Hecate already wraps persisted run events in the v1 envelope on the per-run event endpoints and the cross-run feed. The implemented typed event slice is:
run.started,run.finished,run.failed,run.cancelled,run.resumed_from_eventturn.started,turn.completedassistant.text_complete,assistant.tool_call_proposed,assistant.final_answertool.invoked,tool.started,tool.shell.command,tool.shell.output_chunk,tool.shell.exited,tool.file.patch,tool.file.applied,tool.file.reverted,tool.completed,tool.failed,tool.timed_out,policy.tool_blockedapproval.requested,approval.resolvedgap.run_disconnected
The remaining normalization work is intentionally narrow:
- Add a typed queue-throttle event if task-level concurrency throttling becomes an operator-visible runtime event.
- Add payload-specific schemas or generated Go/TypeScript types for the implemented candidate-core events.

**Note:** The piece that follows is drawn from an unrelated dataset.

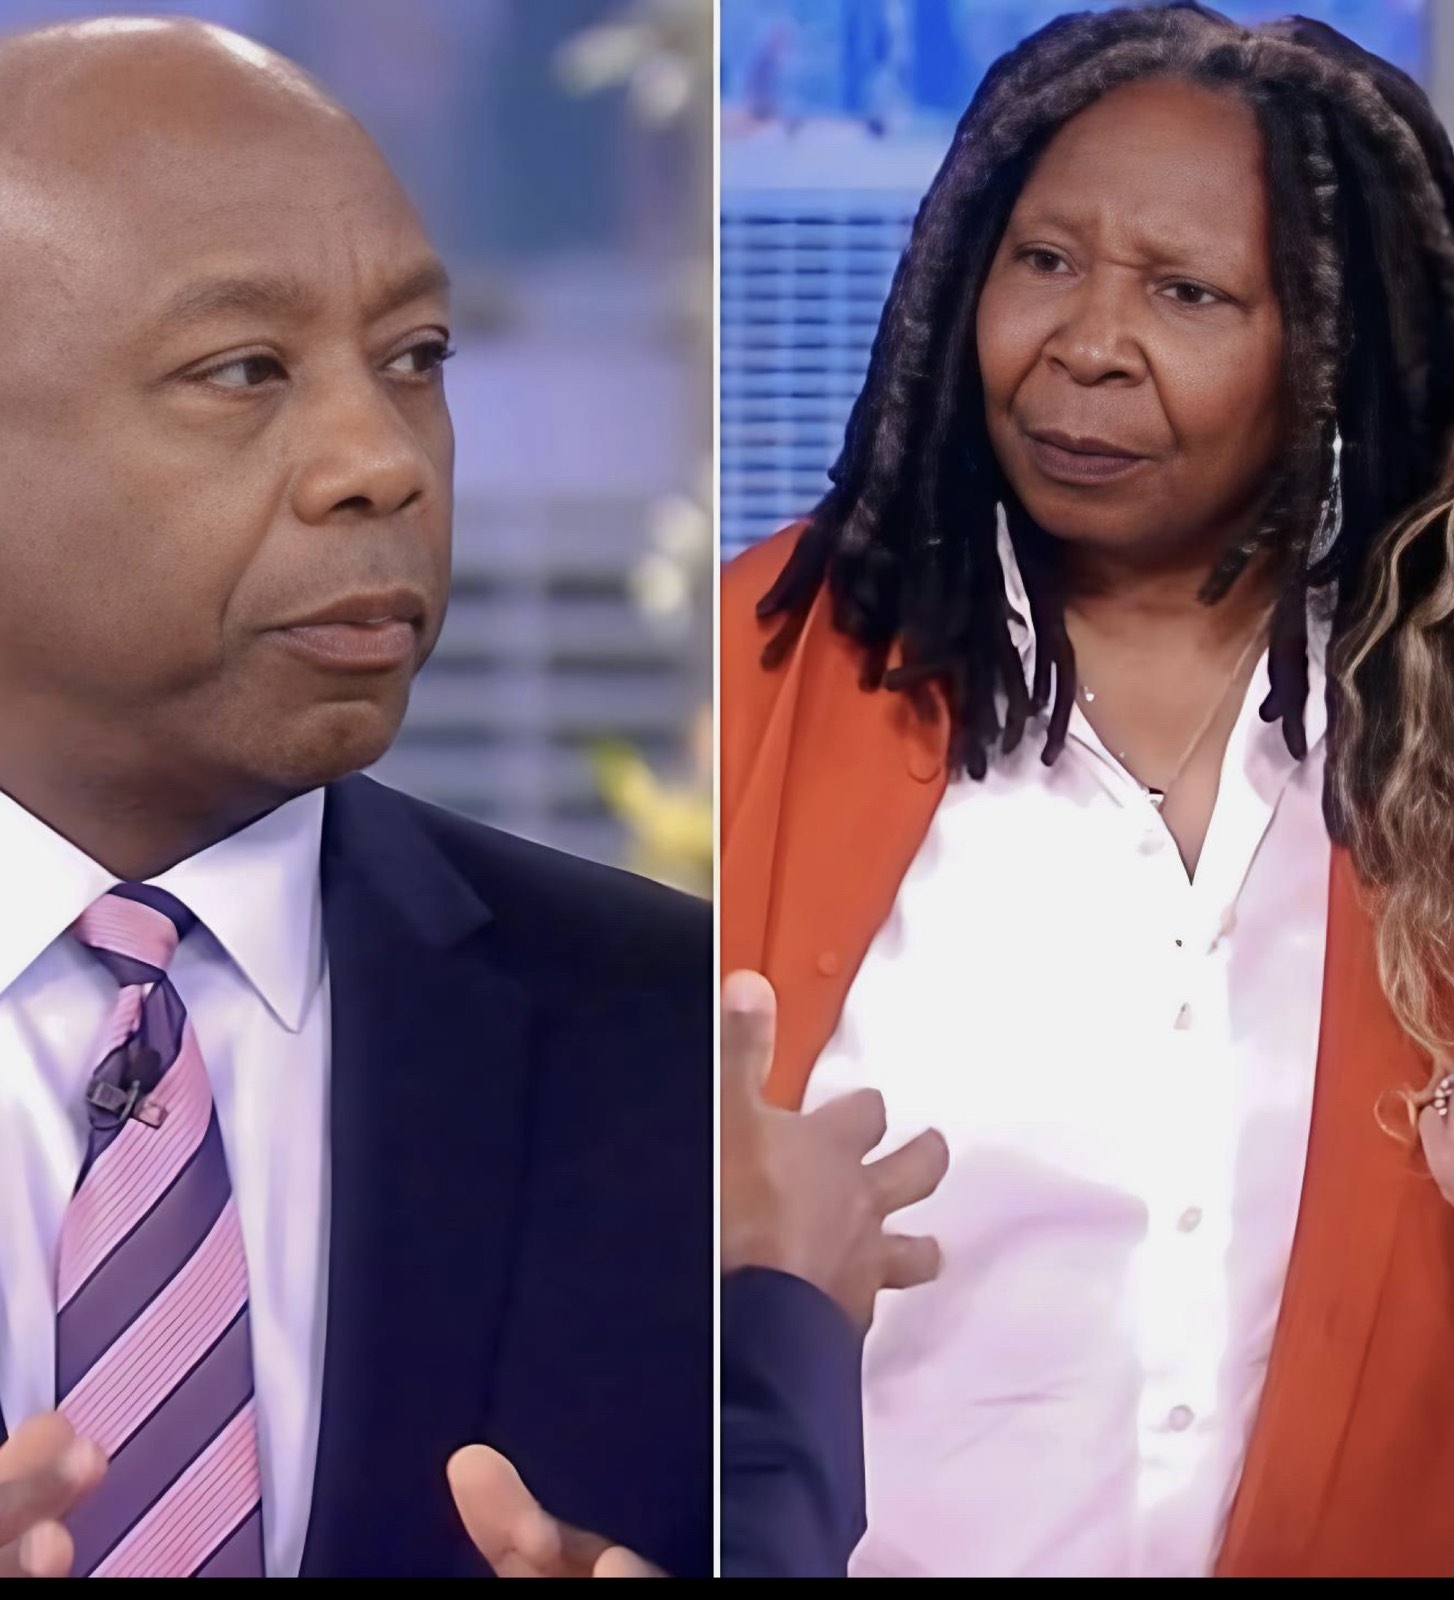 “Emotionally Charged Moment: Whoopi Goldberg Walks Out in Tears After Heated Exchange with Tim Scott on ‘The View'”.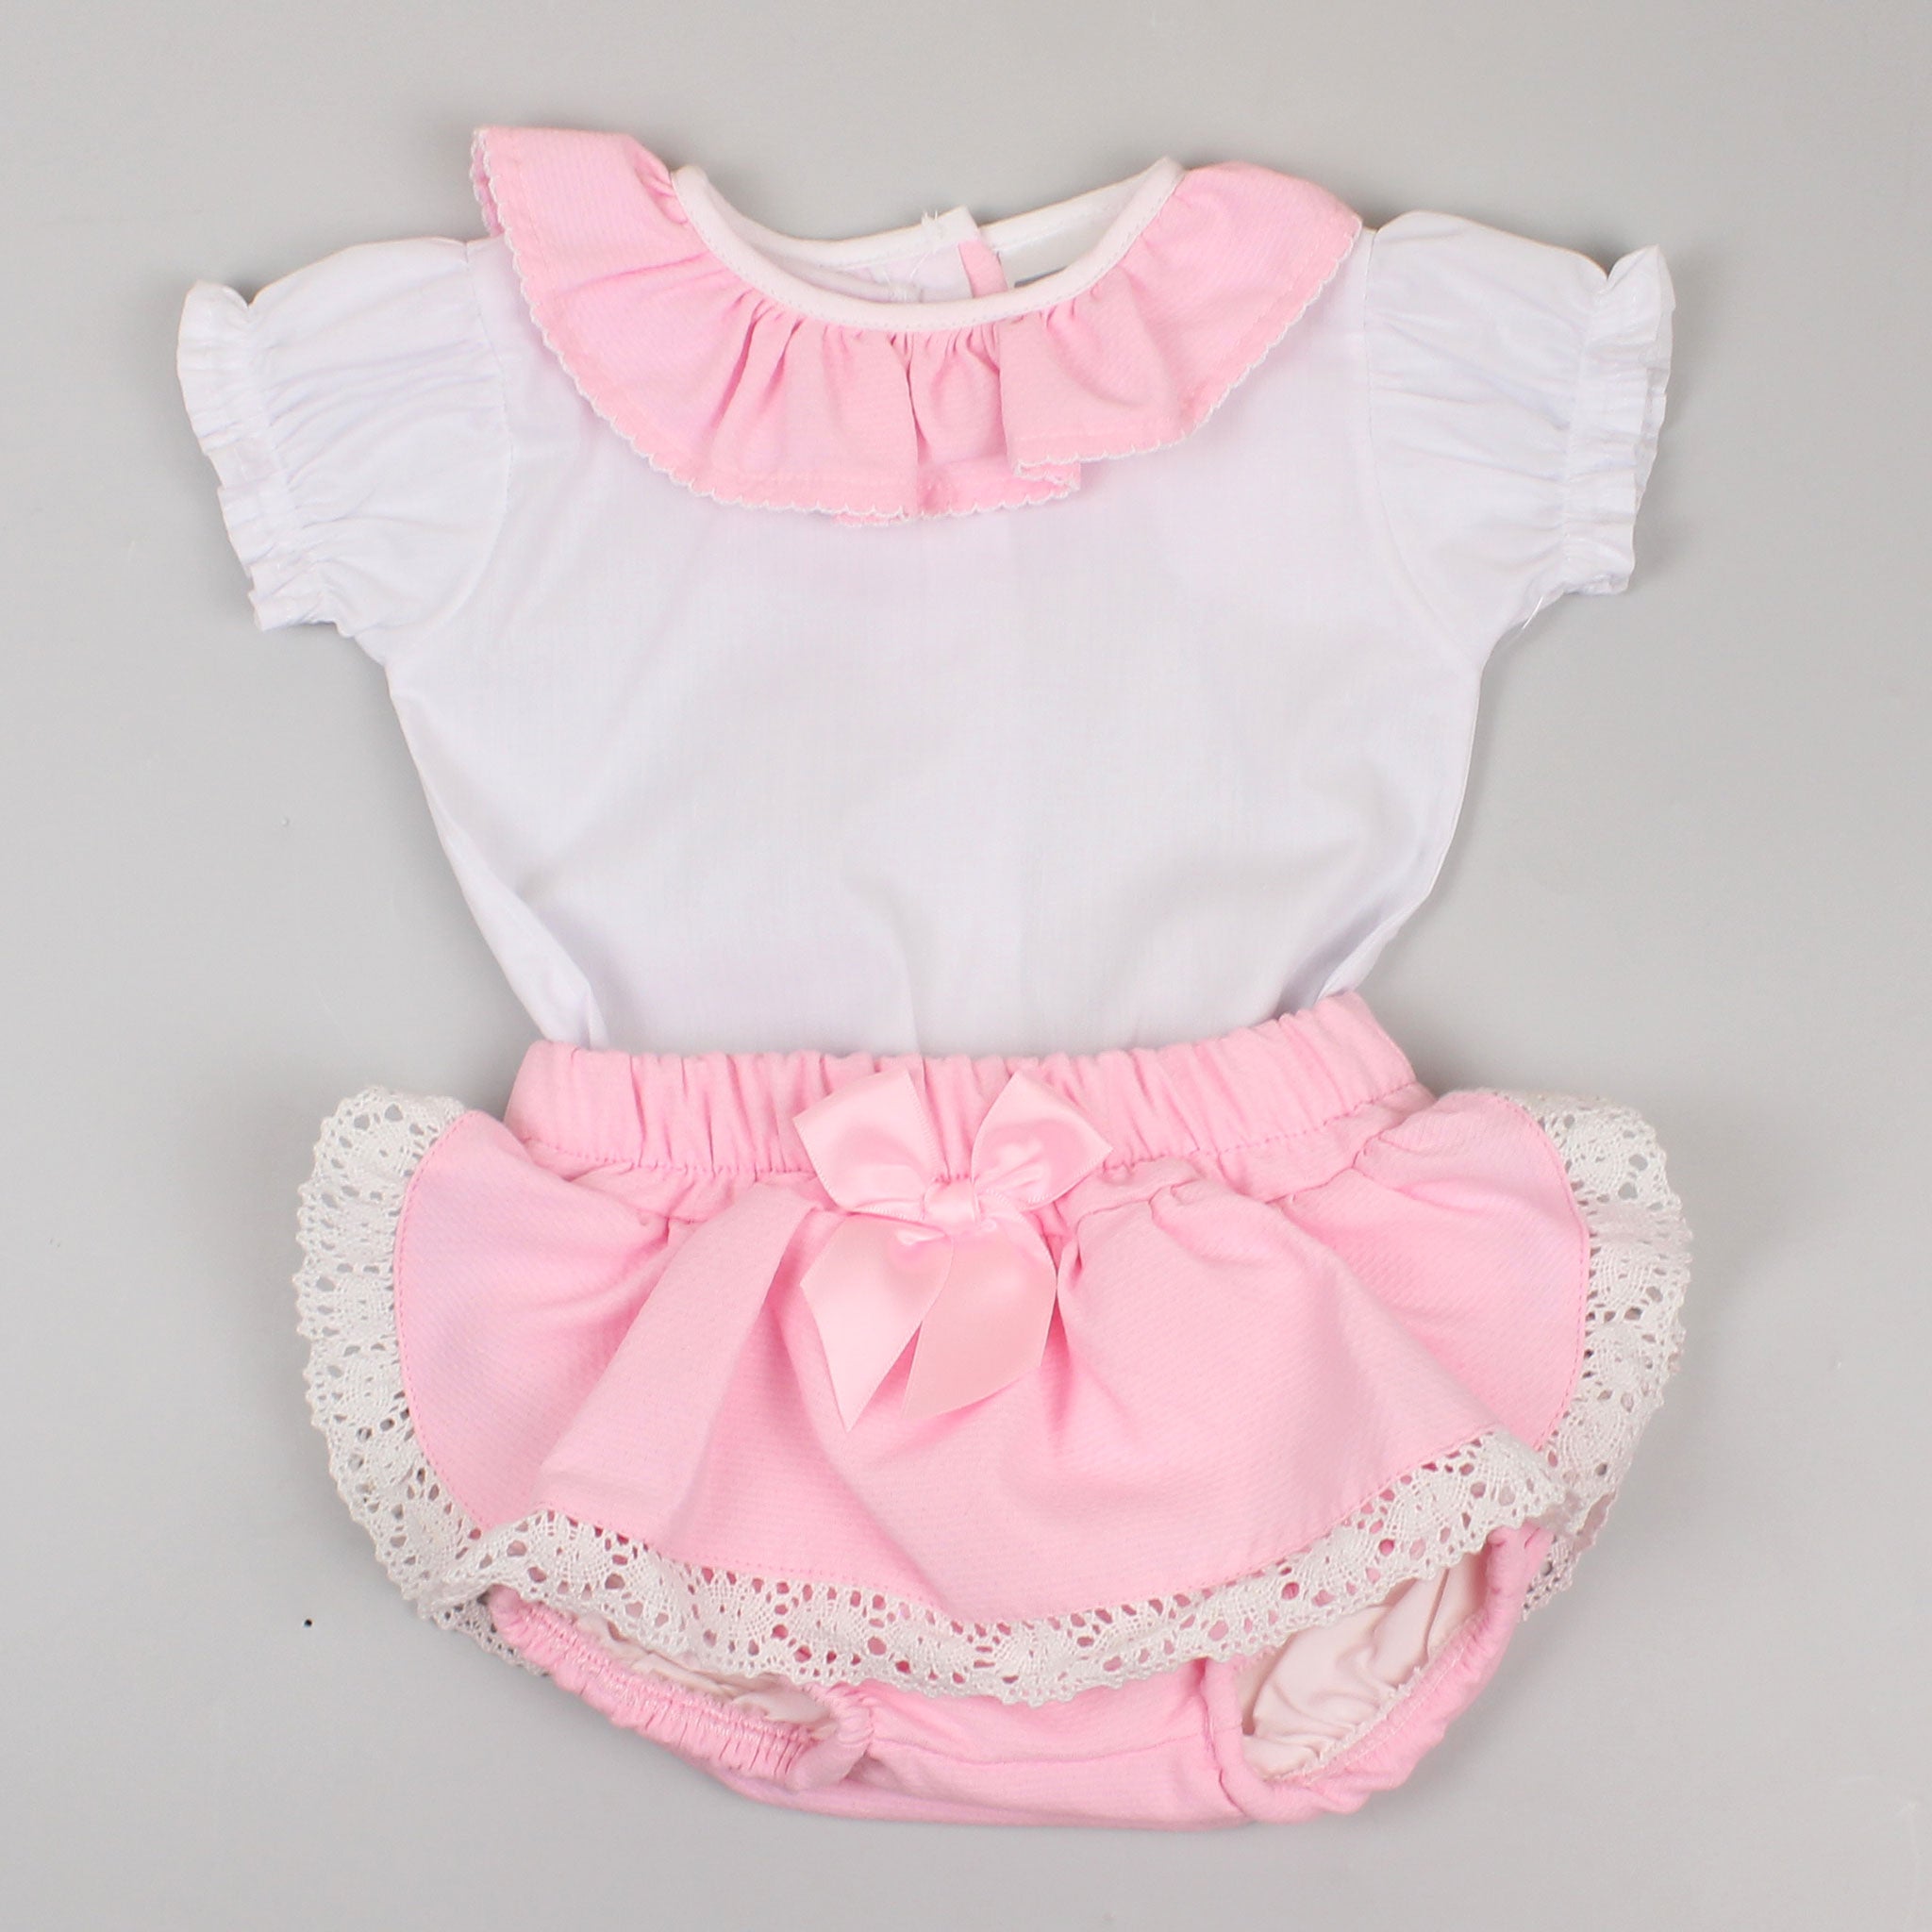 baby girls spanish style spring summer set outfit by Pex

- Keep golden fixtures in sync with the runtime and use them from frontend or ACP tests before treating the candidate as stable.
When the remaining candidate-core work is implemented:
- The CLI can render any tool call without knowing what tool kind it is — generic
tool.invoked → tool.completedframing handles the unknowns; rich rendering kicks in for known kinds. - Once artifact storage is candidate-stable, the web UI's diff review can use artifact endpoints directly; no more re-deriving diffs from filesystem state.
- An ACP server is a thin translator from this stream to ACP's wire format.
- Hooks (
PreToolUse,PostToolUse) get a stable contract: they receive thetool.invoked/tool.completedevent verbatim. - Later sub-agent work becomes tractable: the parent run can point at child run ids while each child keeps the same stream shape.
- Audit becomes a database query: "what shell commands did this agent run?" is
SELECT WHERE type='tool.shell.exited' AND run_id=X.
- Land this doc as a draft RFC. Review the candidate-core vs experimental split before implementation starts.
- Prototype the envelope + a single tool family (
tool.shell.*) end-to-end in a feature branch. Wire one CLI command to consume it, end-to-end. - Generate schemas/types + golden fixtures for the candidate core.
- Land artifact storage separately before promoting
artifact.*or edit events into the stable core. - Migrate existing emitters one tool family at a time behind an explicit experimental flag.
- Cut over the web UI only after the schema is exercised by at least one non-web consumer.
- Mark v1.0 stable when candidate-core events are implemented, typed, fixture-tested, and consumed by all in-tree frontends that need them.
Estimated wall-clock for the runtime side: 4-6 weeks of focused work, dependent on the artifact-storage subsystem (which is the highest-risk unknown).